In der Renaissance wertete man männliche Homosexualität offiziell als "Sodomie" ab, aber in Städten wie Florenz und Venedig waren sexuelle Kontakte von erwachsenen Männern und noch unverheirateten Jünglingen weit verbreitet. Das war verboten, galt aber auch nicht als besonders skandalös oder gar pathologisch. Manche Männer, wie beispielsweise Leonardo da Vinci, lebten dauerhaft mit Jüngeren zusammen; für viele andere war die Männerliebe nur eine Phase. Homo- und Bisexualität sowie Androgynität gab und gibt es in allen Gesellschaften. Die Frage ist nur, wie sichtbar das sein darf. In der italienischen Renaissance war es sichtbar, etwa in Kunstwerken wie diesem.

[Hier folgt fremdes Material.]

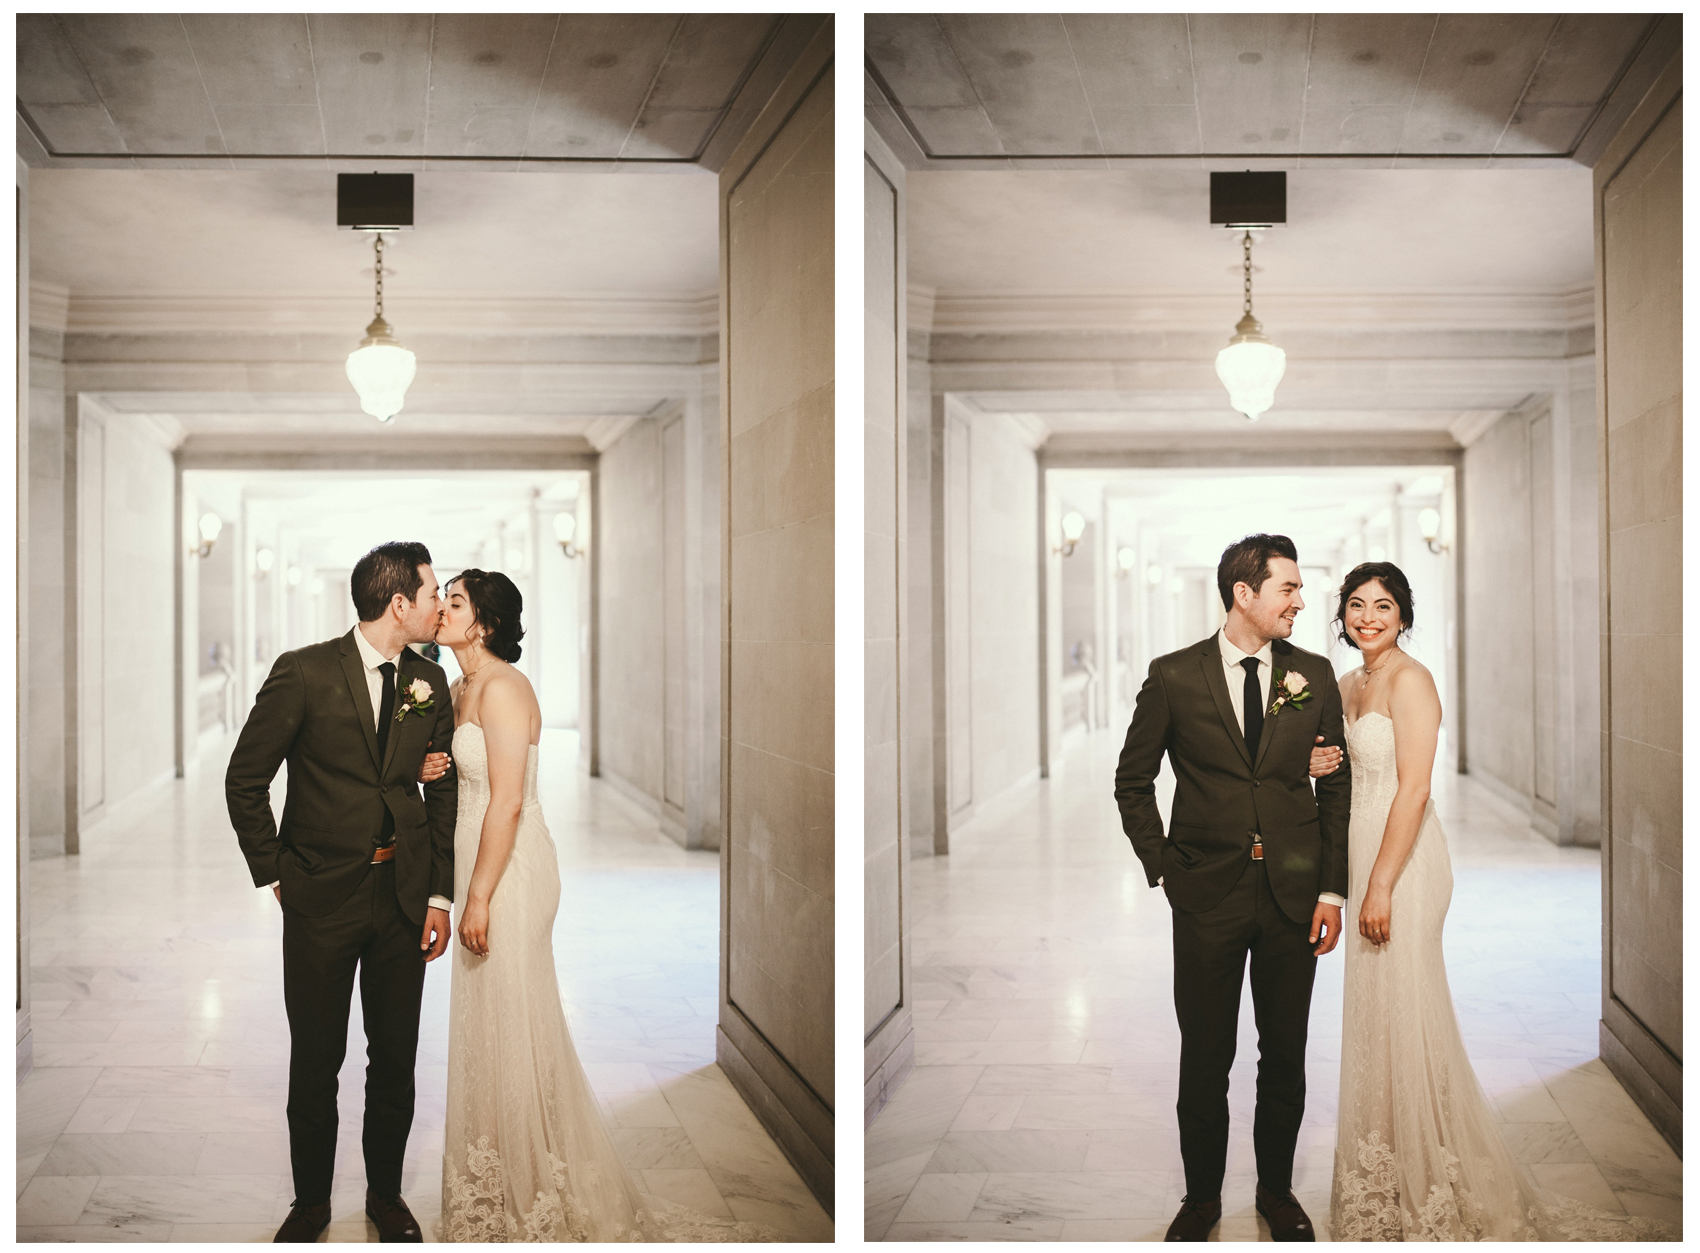 San Francisco City Hall & Stable Cafe Wedding Photography Double 8.jpg

Heute tobt gerade in den USA ein Kulturkampf um die Sichtbarkeit von queeren Personen. Transpersonen werden aus dem Militär verstoßen, Institutionen müssen Begriffe wie LGBTQ und selbst "Women" streichen. Nonbinäre bekommen Probleme bei der Einreise. Im Vergleich mit anderen Zeiten erscheint das eine Verarmung der Kultur zu sein.